Even if you’re using ECS EC2 and have access to the /var/log/ecs logs, it doesn’t help. There are informational messages about successfully created network devices, not about failure.

$ tail -f /var/log/ecs/*.log*
==> ecs-cni-eni-plugin.log.2022-03-09-01 <==
2022-03-09T01:52:03Z [INFO] Found network device for the ENI (mac address=06:6f:1c:4a:40:9f): eth1
2022-03-09T01:52:03Z [INFO] ENI 06:6f:1c:4a:40:9f (device name=eth1) has been assigned to the container's namespace

==> ecs-init.log <==
2022-03-07T05:44:56Z [INFO] Starting Amazon Elastic Container Service Agent

==> ecs-volume-plugin.log <==
level=info time=2022-03-07T05:44:23Z msg="Loading plugin state information"
level=info time=2022-03-07T05:44:23Z msg="Starting volume plugin.."

==> ecs-agent.log <==
level=info time=2022-03-09T13:34:17Z msg="TCS Websocket connection closed for a valid reason" module=handler.go
level=info time=2022-03-09T13:34:17Z msg="Using cached DiscoverPollEndpoint. endpoint=https://ecs-a-5.us-west-2.amazonaws.com/ telemetryEndpoint=https://ecs-t-5.us-west-2.amazonaws.com/ containerInstanceARN=arn:aws:ecs:us-west-2:111111111111:container-instance/dev/0fa40593bbc740fb94680b9383e0f3df" module=client.go
level=info time=2022-03-09T13:34:17Z msg="Establishing a Websocket connection to https://ecs-t-5.us-west-2.amazonaws.com/ws?agentHash=ed81f6b4&agentVersion=1.59.0&cluster=dev&containerInstance=arn%3Aaws%3Aecs%3Aus-west-2%3A111111111111%3Acontainer-instance%2Fdev%2F0fa40593bbc740fb94680b9383e0f3df&dockerVersion=20.10.7" module=client.go
level=info time=2022-03-09T13:34:17Z msg="Connected to TCS endpoint" module=handler.go
level=info time=2022-03-09T13:36:20Z msg="Managed task at steady state" taskARN="arn:aws:ecs:us-west-2:111111111111:task/dev/0445aac323b74cba933c6f3d8c767d4e" knownStatus="RUNNING"

Sometimes you may get a error that is more useful. Example:

Service demo-web-dev was unable to place a task because no container instance met all of its requirements.

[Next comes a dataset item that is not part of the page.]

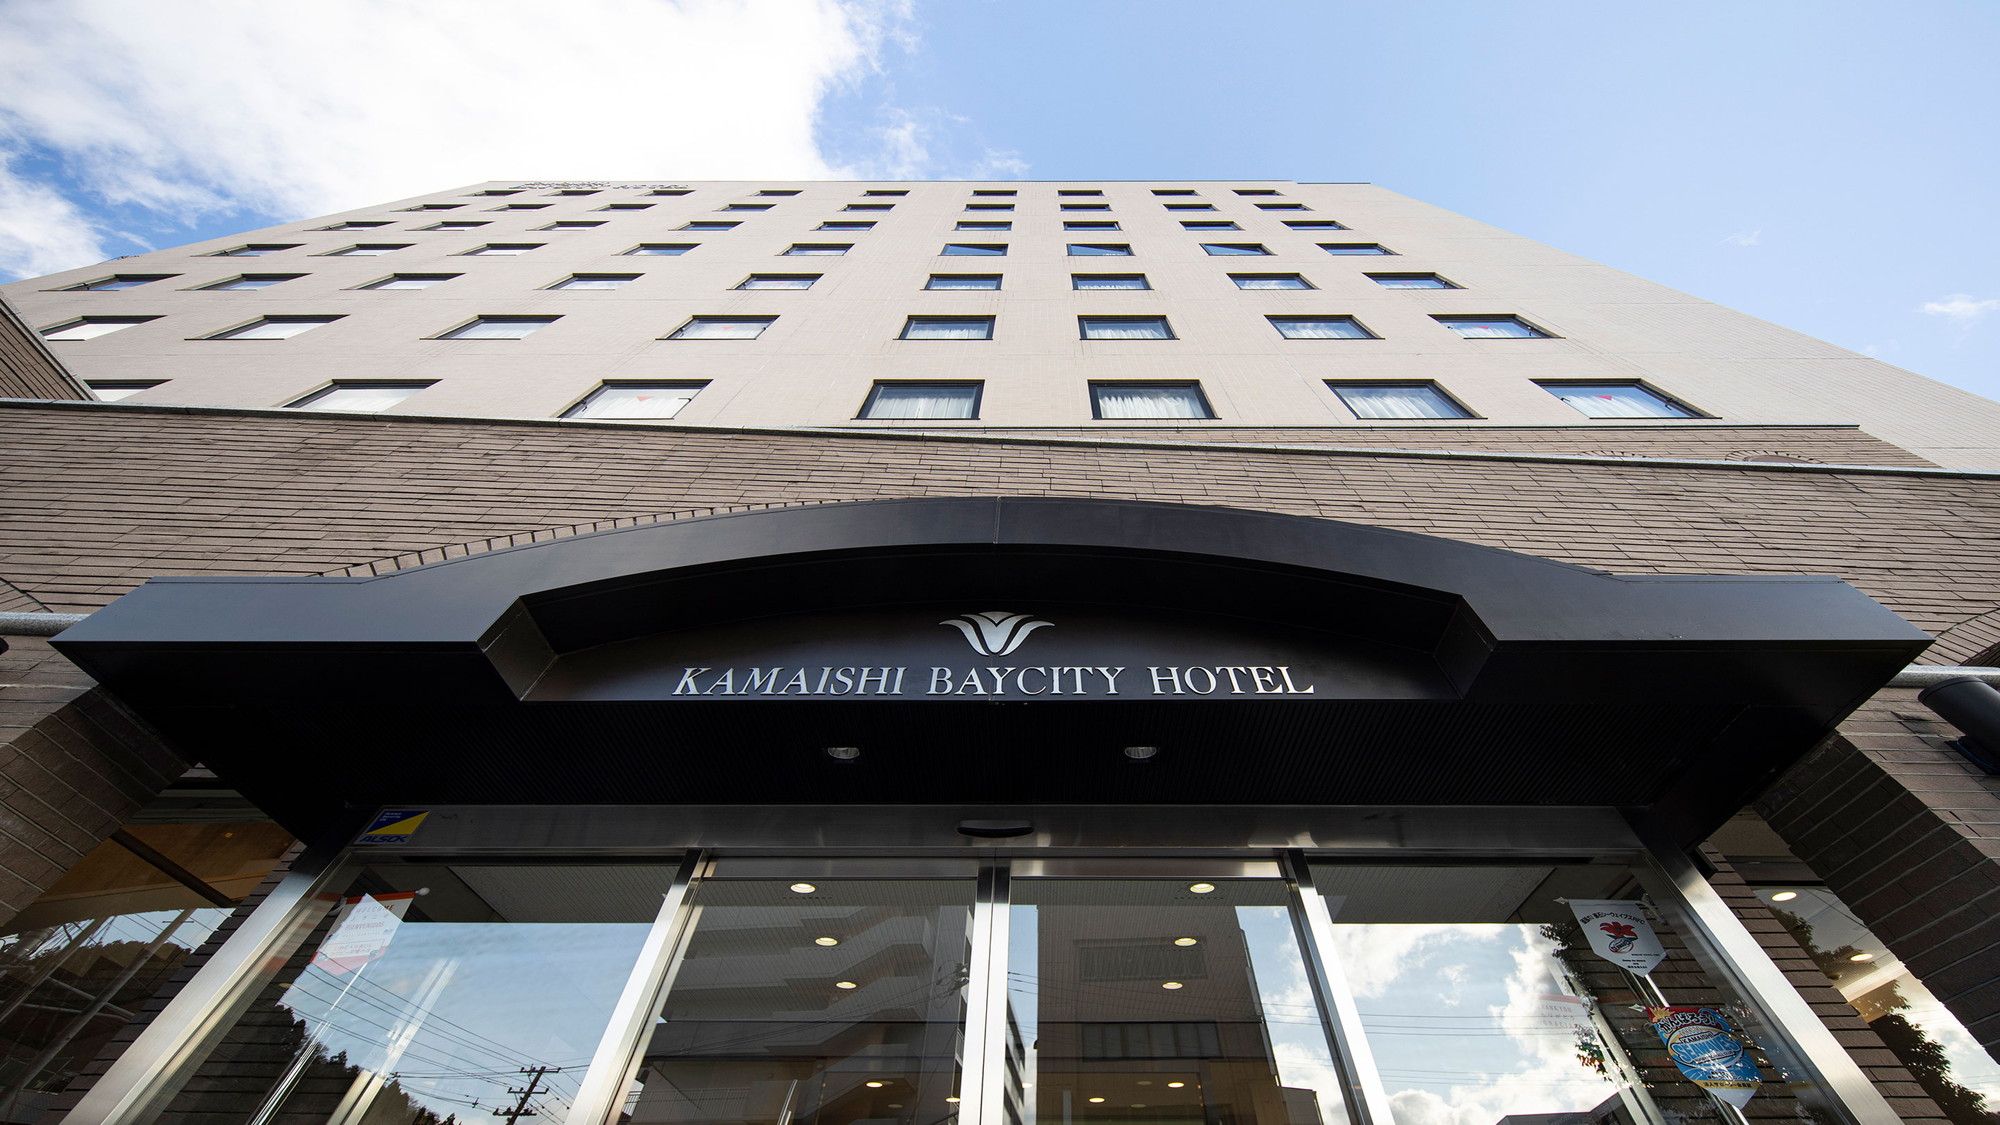 Kamaishi Bay City Hotel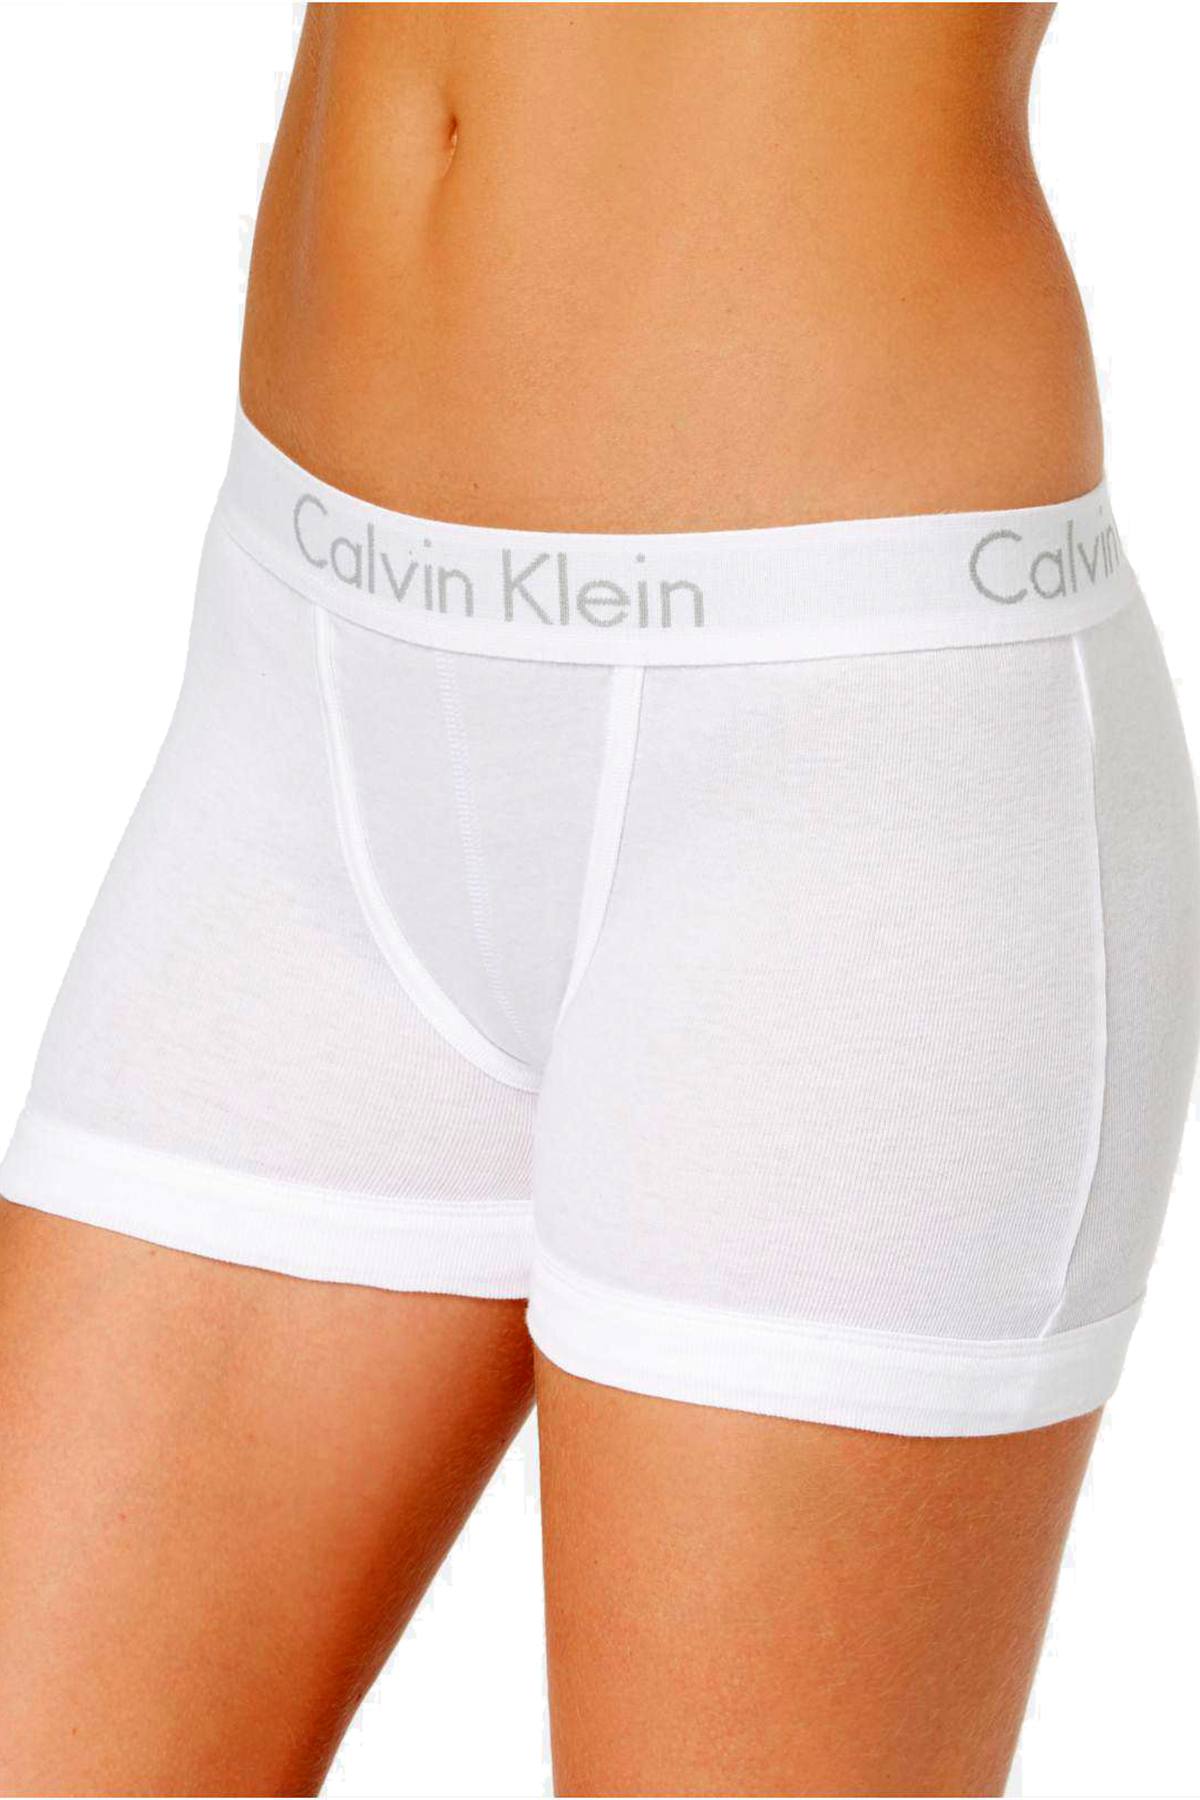 Calvin Klein Womens Boyshorts, Cotton Waistband Briefs

And depending on the error ECS will surface a useful reason.

Reason: No Container Instances were found in your cluster.

It depends on the error. Also see: How do I resolve the “[AWS service] was unable to place a task because no container instance met all of its requirements” error in Amazon ECS?

If you need the awsvpc feature, the “Task failed to start” is just something to be aware of. Knowing what to look for can help.